Saturday, October 30, 2010

Back in the High Life Again



Steve Winwood is a true, certified rock renaissance man who has worn many hats during the course of his long and varied career. Starting out as a teenage prodigy and a member of the revolving blues-rock collective The Spencer David Group, Winwood then went on to become one of the prime personalities of the late-1960s folk-rock movement with the legendary Traffic. Being the restless creative soul that he is, Winwood then disbanded Traffic and notched up a brief pit stop as one-third of acclaimed supergroup Blind Faith. Winwood then proceeded to carve out his own highly successful solo stint, which has lasted more than three decades, and yielded popular radio standards like 'Higher Love', 'While You See a Chance' and 'Roll With It'. Check out one of Winwood's lesser-known, but no less potent hits, 1986's cautiously optimistic ‘Back in the High Life Again’, backed by a prosaically appropriate video.

Friday, October 15, 2010

The Jesus and Mary Chain



While the tug of war about the merits and defects of guitar feedback may rage on, there is no denying that acts who have adopted it as their key musical aesthetic have made a substantial impact on the general state of rock music, for better or worse. The Jesus and Mary Chain are one of the prime movers of the erstwhile noise-pop movement, a sub-genre of indie-rock that employs jarring guitar feedback as a main means of expression. Basically, the Chain work in a seemingly contradictory musical style: their songs had a bubble-gum melody foundation, borrowing some of the bright, poppish affectations of the Beach Boys and the Lovin' Spoonful, but the tracks were wrapped snugly in swirls of aggressive dissonance and atonal white noise. Ironically, the resultant soundscape made for a rather accessible and surprisingly sublime brand of rock that became one of the most inventive evolutions in contemporary music. Check out a 1985 live-on-television reading of one of the Chain's most well-loved standards, the cacophonous, claustrophobic 'Just Like Honey', which boasts a surprisingly sweetly poppish essence.

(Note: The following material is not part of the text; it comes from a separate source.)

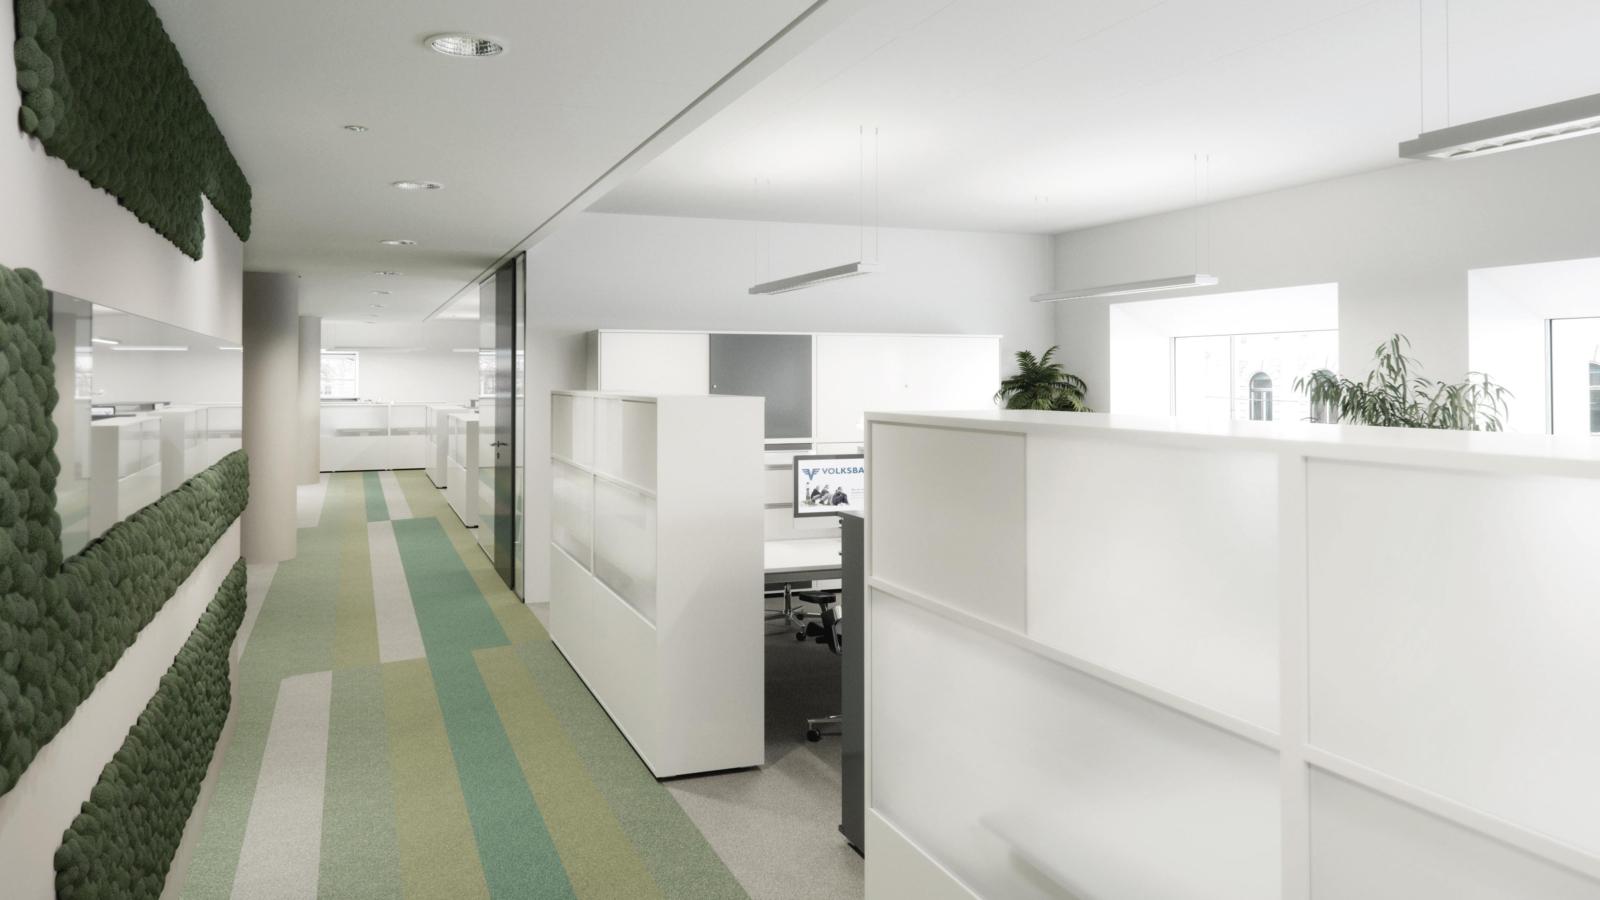 officespace volksbank_schaubild02

Saturday, October 02, 2010

Loverman



A truly terrifying, utterly bloodcurdling monster of a song, Nick Cave's 'Loverman' constitutes one of the more outstanding tracks from 1994's stellar 'Let Love In' album. Encapsulating all the key elements of Cave's Southern Gothic musical aesthetics, including scarily precise quiet-loud dynamics, grinding guitar riffs, cavernous percussion fills and doomy-sounding bells, 'Loverman' remains a bona fide classic in Cave's frighteningly extensive repertoire, and a powerful testament to the inherent power of no-holds-barred, unadulterated rock. Check out the atmospheric, ominous video clip, which skilfully intersperses ferocious, fire and brimstone-infused footage of Cave and his Bad Seeds cohorts in onstage action, with eerie black-and-white scenes of a combination charismatic healing service and warped scientific experiment, seemingly set during the Victorian age, and starring Cave and his men as the subjects of said experiment.